**TO DO**
Please write out the full listing beneath this line exactly, skipping its images.

BEGIN DATA BLOCK

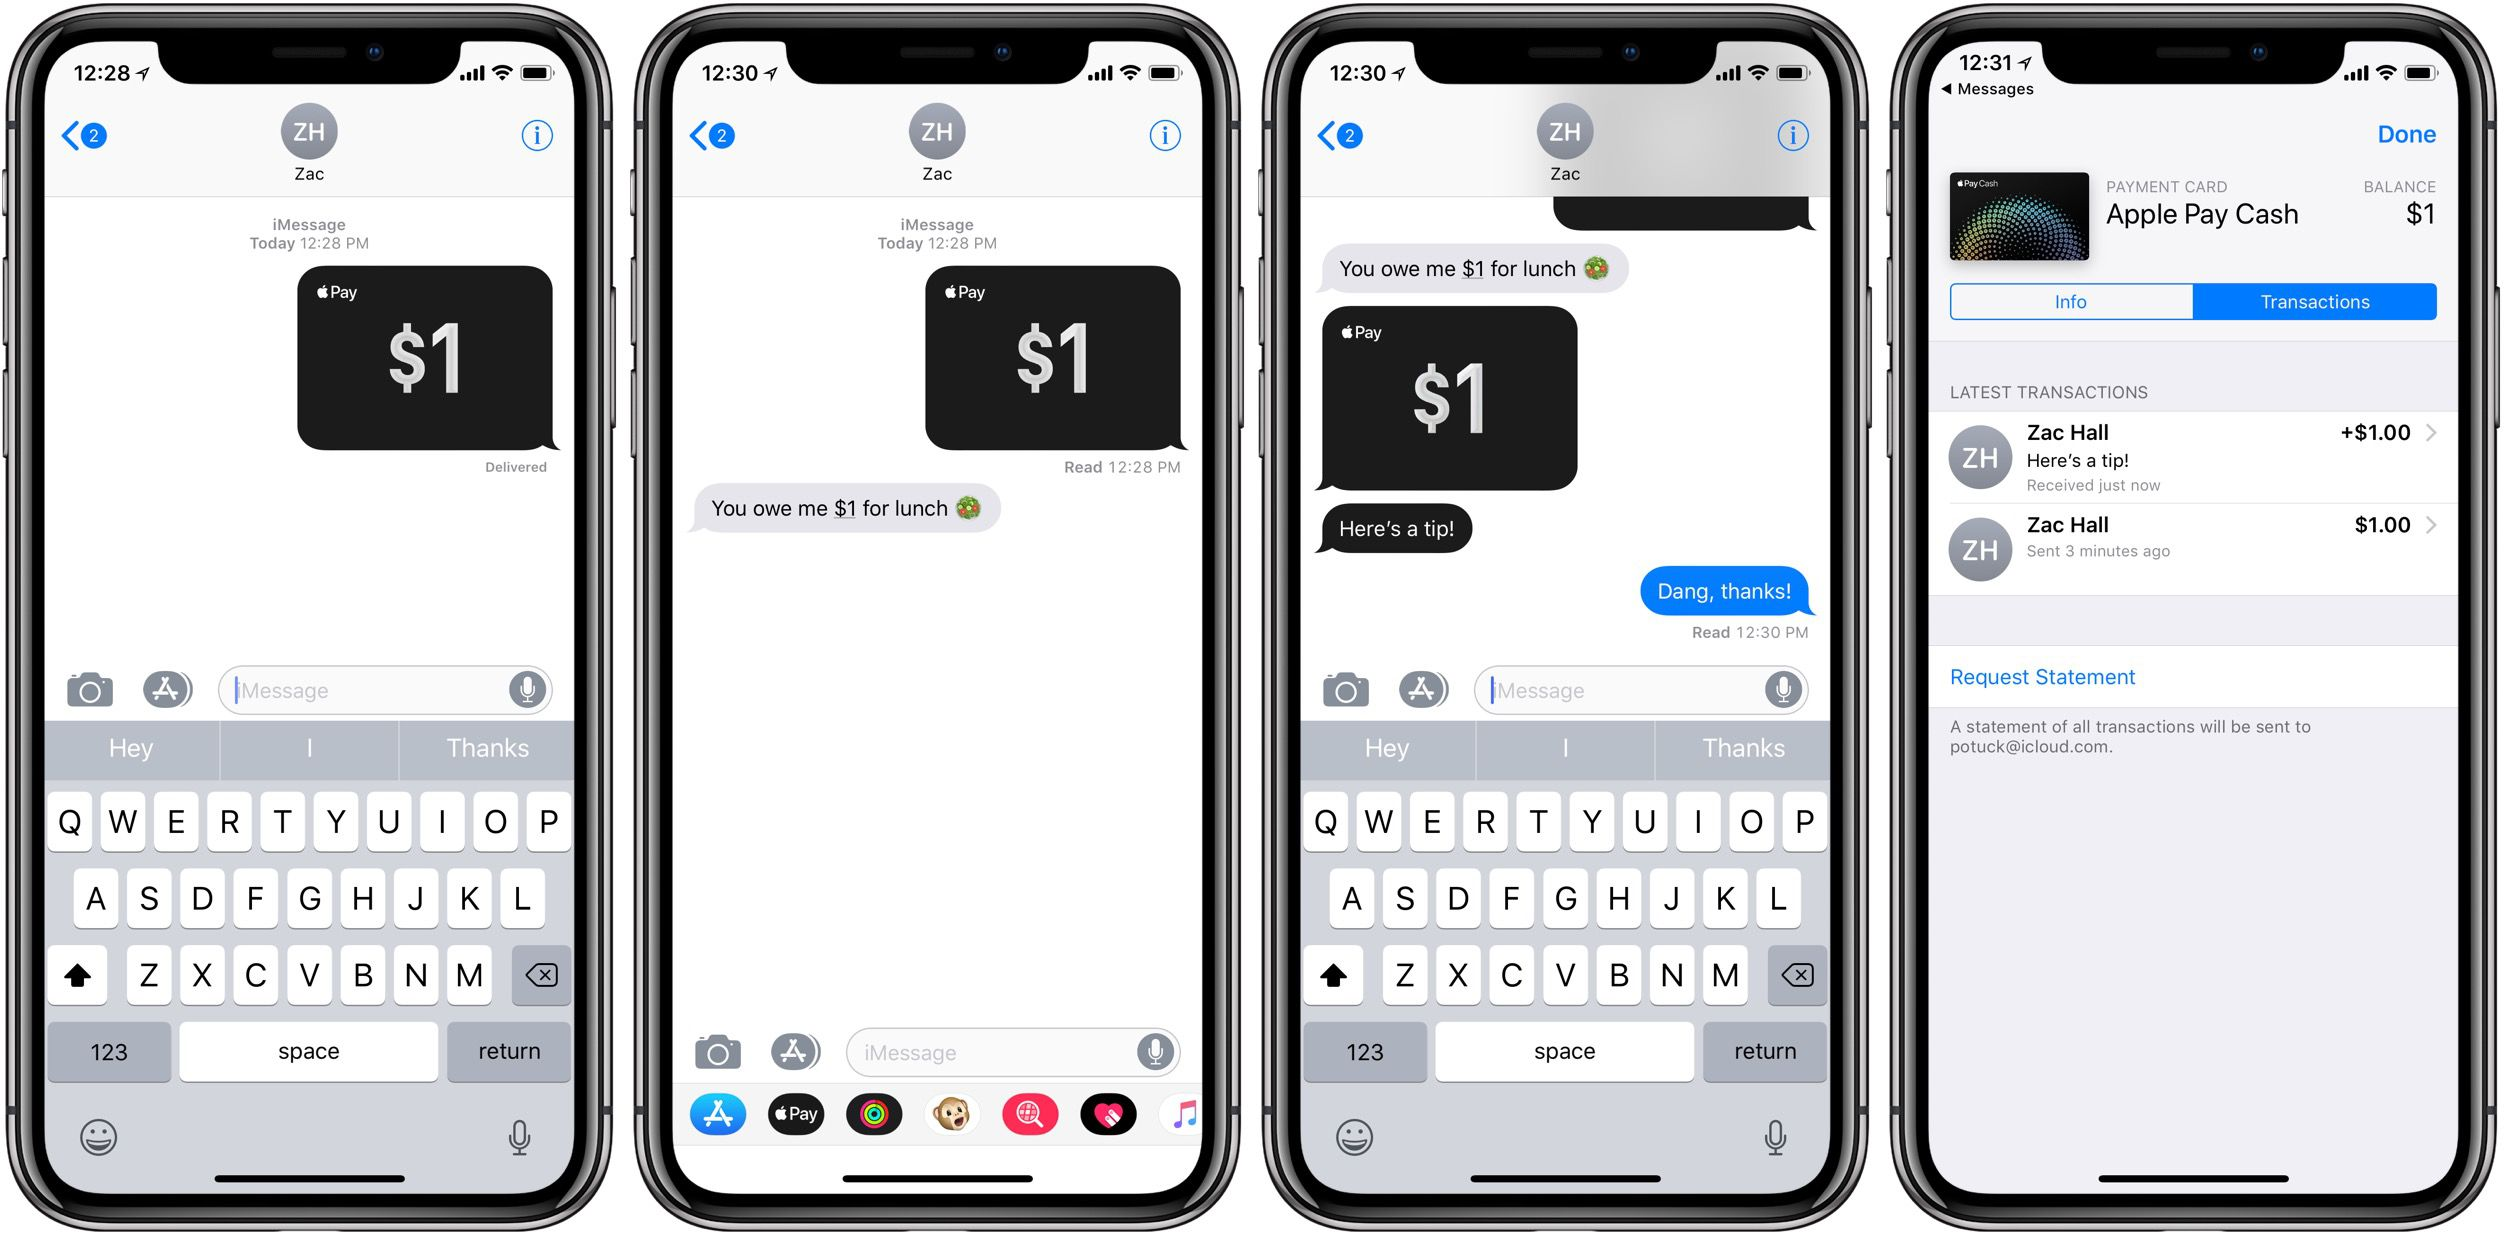 Apple Pay cash walkthrough 6
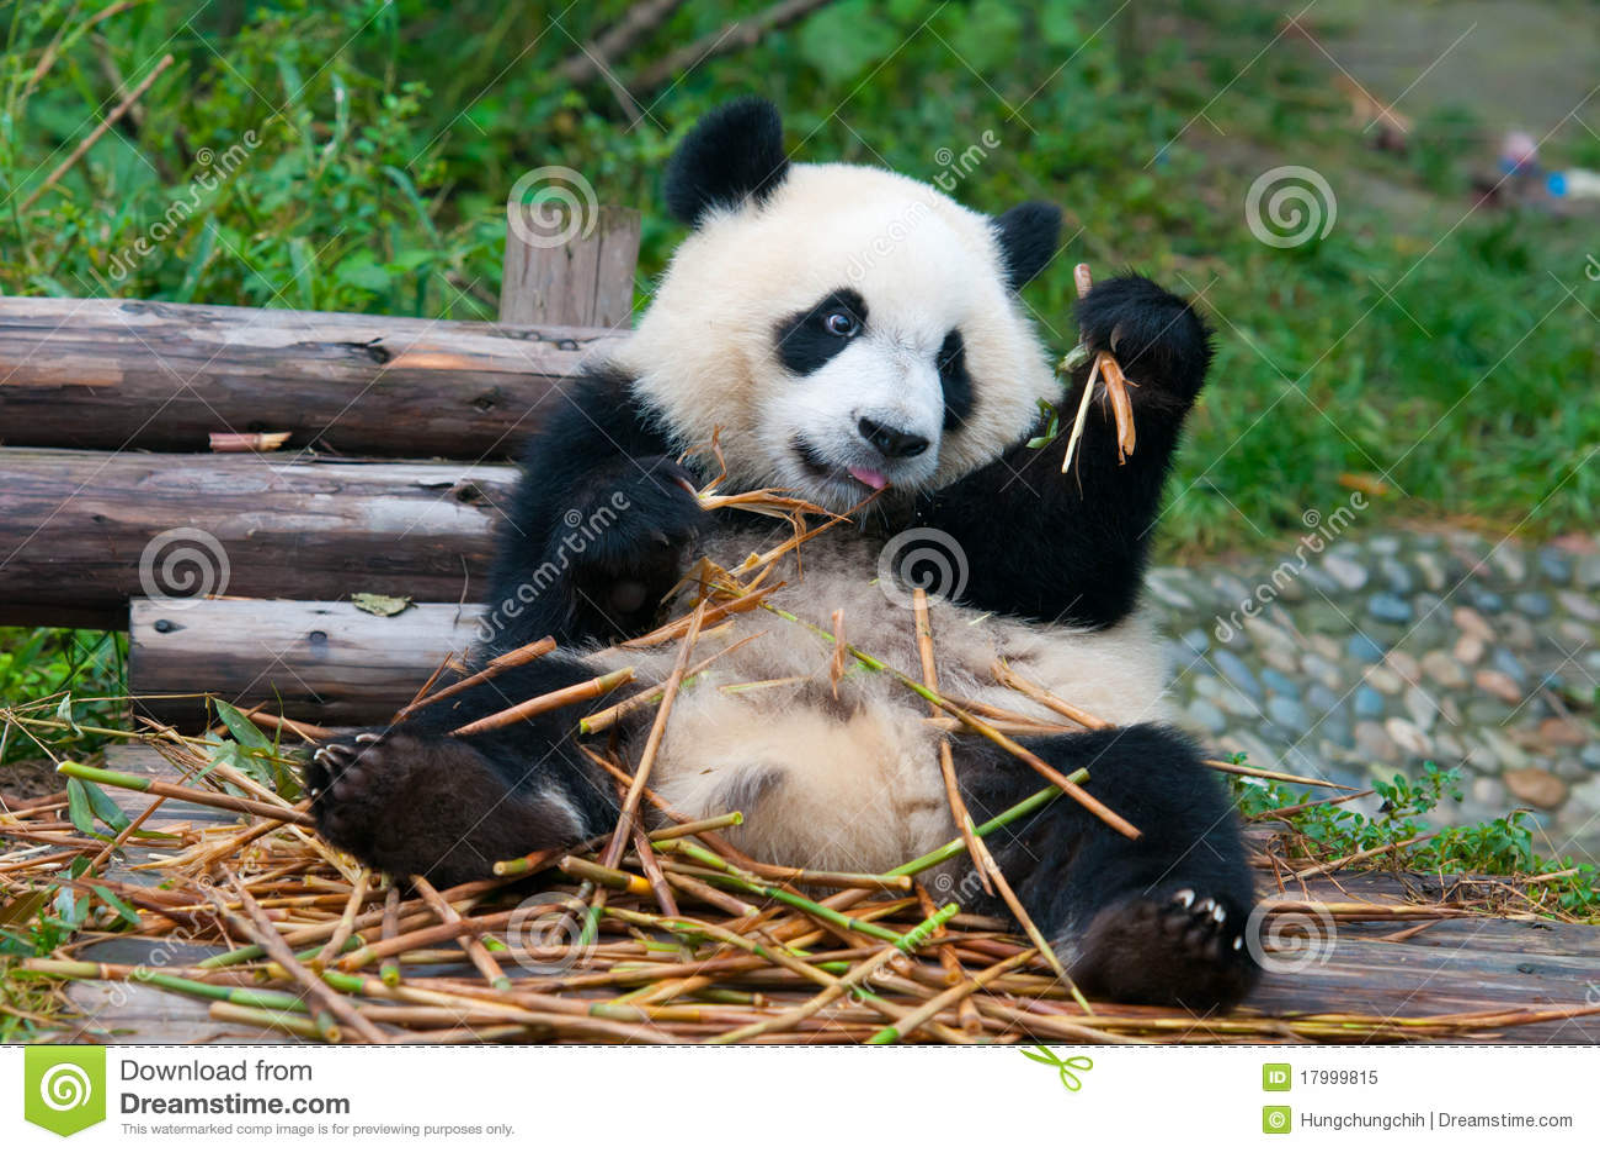 Giant Panda Bear Eating Bamboo Royalty Free Stock Photo ... Mammals Clipart Black And White
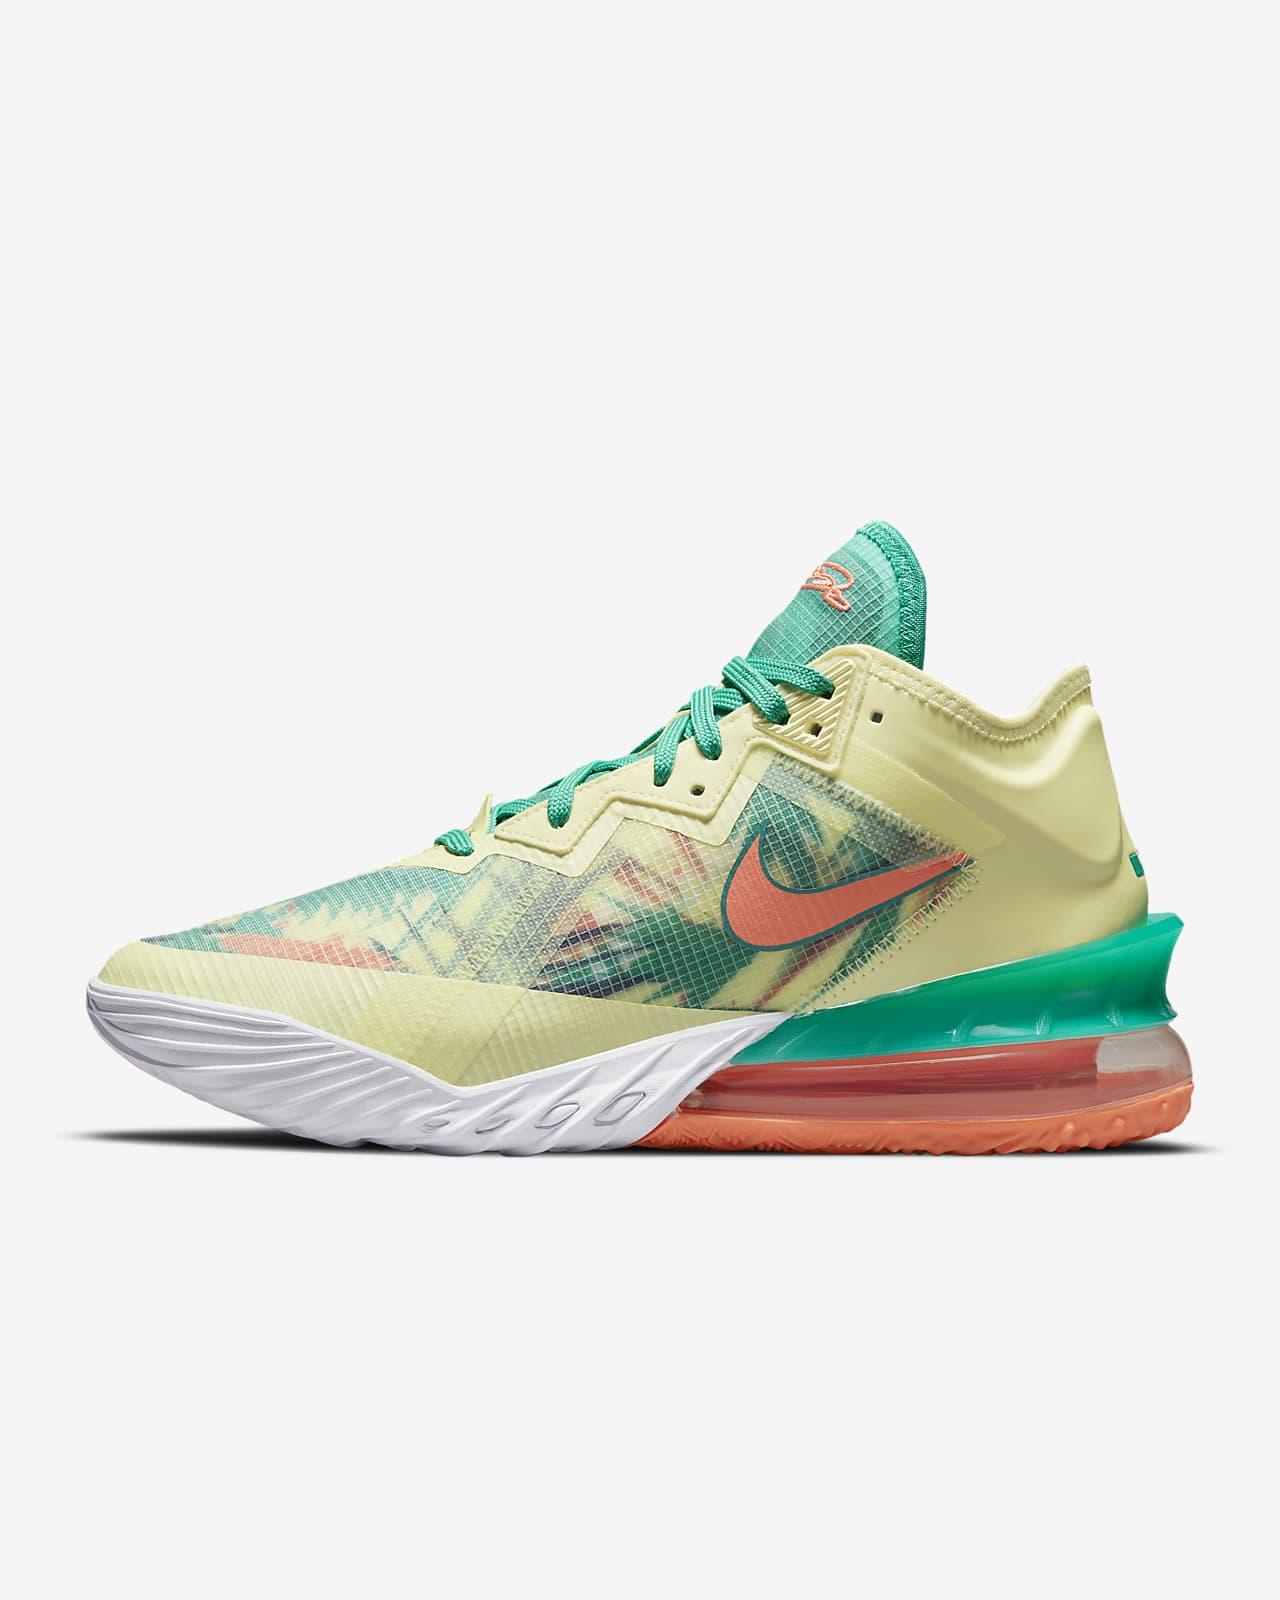 LeBron 18 Low 'Summer Refresh' Basketball Shoe

END DATA BLOCK

**ANSWER SPACE**
 Apple Pay cash walkthrough 6
 Giant Panda Bear Eating Bamboo Royalty Free Stock Photo ... Mammals Clipart Black And White
 LeBron 18 Low 'Summer Refresh' Basketball Shoe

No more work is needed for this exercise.